One evening, as the sun dipped below the horizon, casting long shadows across the cows in the surrounding fields, I found myself drawn to the train tracks behind our house. The rumble of an approaching freight train echoed in the distance, a relentless force moving forward while I remained paralyzed in one spot. I had been fantasizing about suicide a few times a day, and some days it was the only thing I thought about: on those days, maybe the only escape from this suffocating weight was to let the train carry me away from it all.

I walked along the tracks, the evening air a biting cold against my face. Each step felt like surrendering a piece of the burden I carried. The air was crisp, filled with the scent of damp earth and decaying leaves — a reminder of endings and the promise of rebirth. The train’s horn blared, a warning and a beckoning all at once.

As the headlights pierced through the darkness, I stood motionless, my heart pounding in rhythm with the clacking of the wheels against the tracks. Closing my eyes, I braced myself for oblivion, but too scared to take one more step into the train’s path.

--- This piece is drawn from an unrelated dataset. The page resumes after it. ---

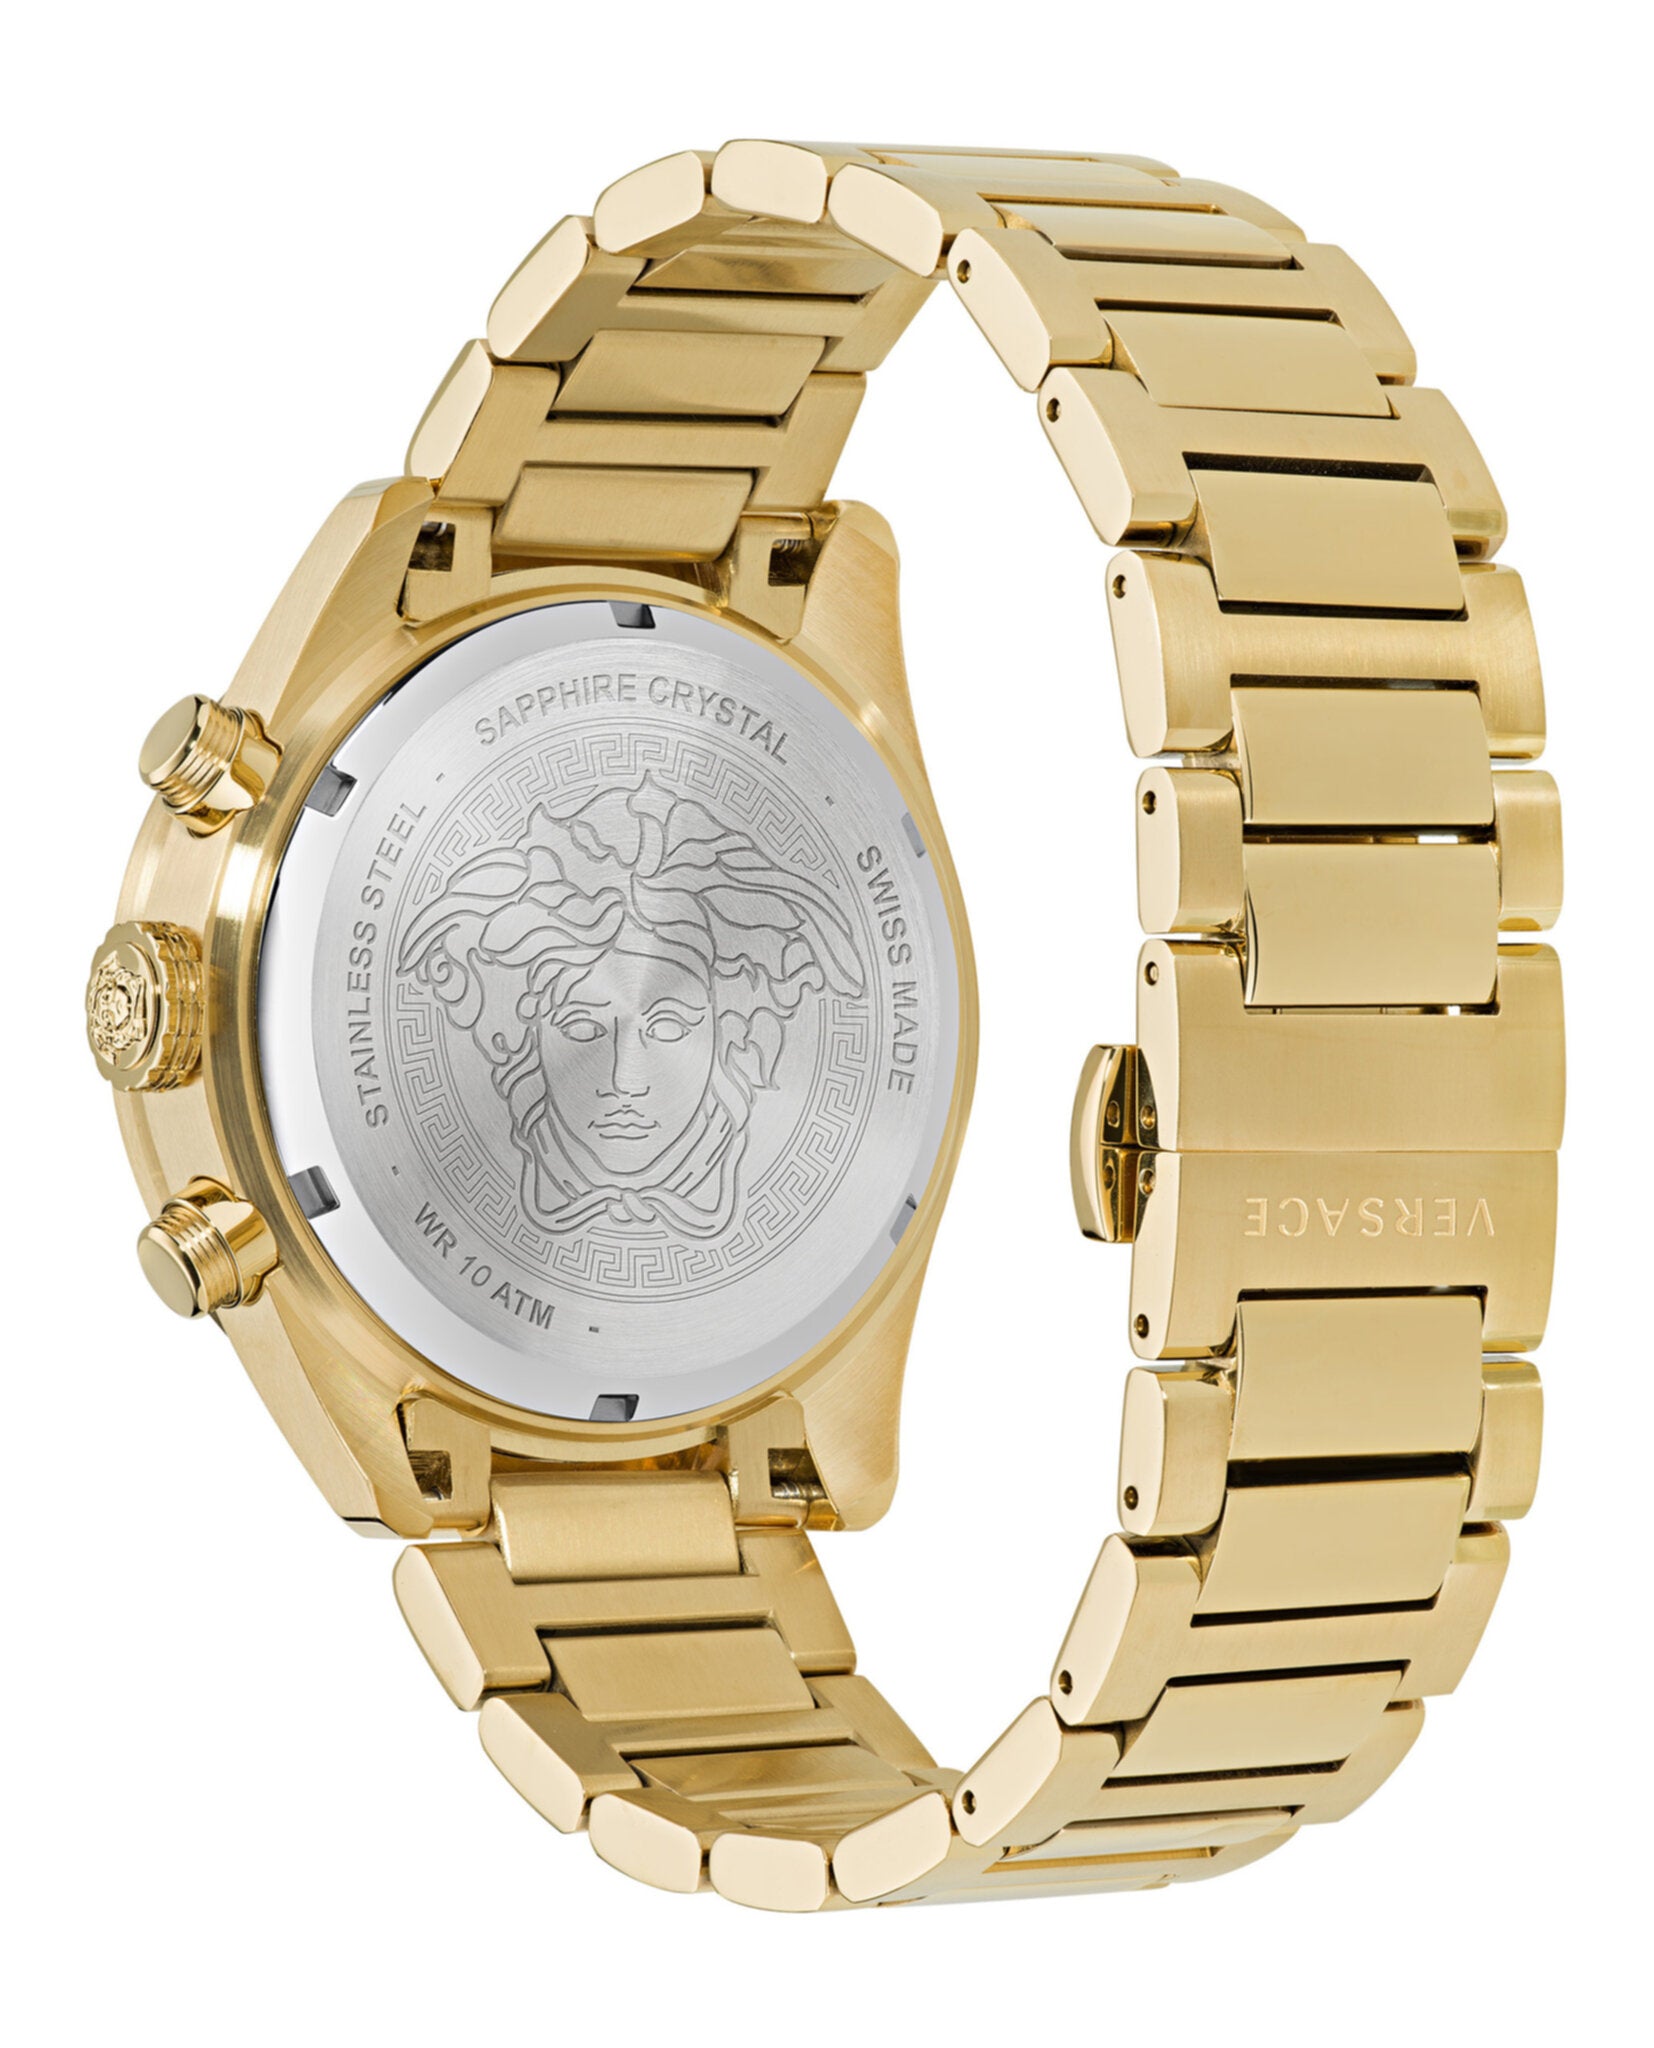 Madaluxe – Dome Versace Time Watches Time Greca | MadaLuxe Mens

The train thundered past, the rush of wind pulling at my clothes but doing nothing to remove the shame that overwhelmed me. The reality of what I had almost done hit me with full force. I sank to my knees, the crushing weight of my silence giving way to sobs that wracked my entire body.

“I’m struggling,” I admitted hoarsely to myself. “I feel like I’m drowning, and I don’t know how to stop it.”

The weight of silence had become unbearable, pressing down on me like the relentless rumble of the freight trains that passed by our house. As I knelt beside the tracks, my sobbing the only sound I could hear in the roar of the passing train, a realization struck me: it wasn’t the world that was crushing me — it was the silence in which I kept my own suffering locked up that was killing me.

“I can’t keep this inside anymore,” I whispered into the cold night air. The acknowledgment was both terrifying and liberating. The silence had been my prison, each unspoken word adding to the weight I carried. I knew then that if I didn’t break free, the silence would consume me entirely.

That night, instead of retreating further into myself, I picked up a pen and began to write. Words spilled onto the page, each sentence lifting a fragment of the burden I’d shouldered alone. Writing became my voice when speaking felt impossible, a bridge between my internal chaos and the world outside.

The next morning, with the first light filtering through the dusty blinds, I shared my writings with my wife. My hands trembled as I handed her the pages, the fear of judgment almost pulling me back into silence. But as she read, tears welled in her eyes — not of disappointment, but of compassion.

“I’m here,” she said softly, her hand finding mine. “You don’t have to carry this weight alone.”

In breaking my silence, I found that the walls isolating me began to crumble. Conversations with my wife led to seeking professional help, and slowly, the suffocating pressure started to ease. The house that once felt like a battlefield began to feel like a place where healing was possible.

I learned that silence can be heavy, but words — spoken or written — have the power to lighten the load. By sharing my struggle, I freed myself and opened the door for others to do the same.

If you carry a weight of silence, know that you don’t have to bear it alone. Speak your truth, reach out, and allow others to help lessen the load.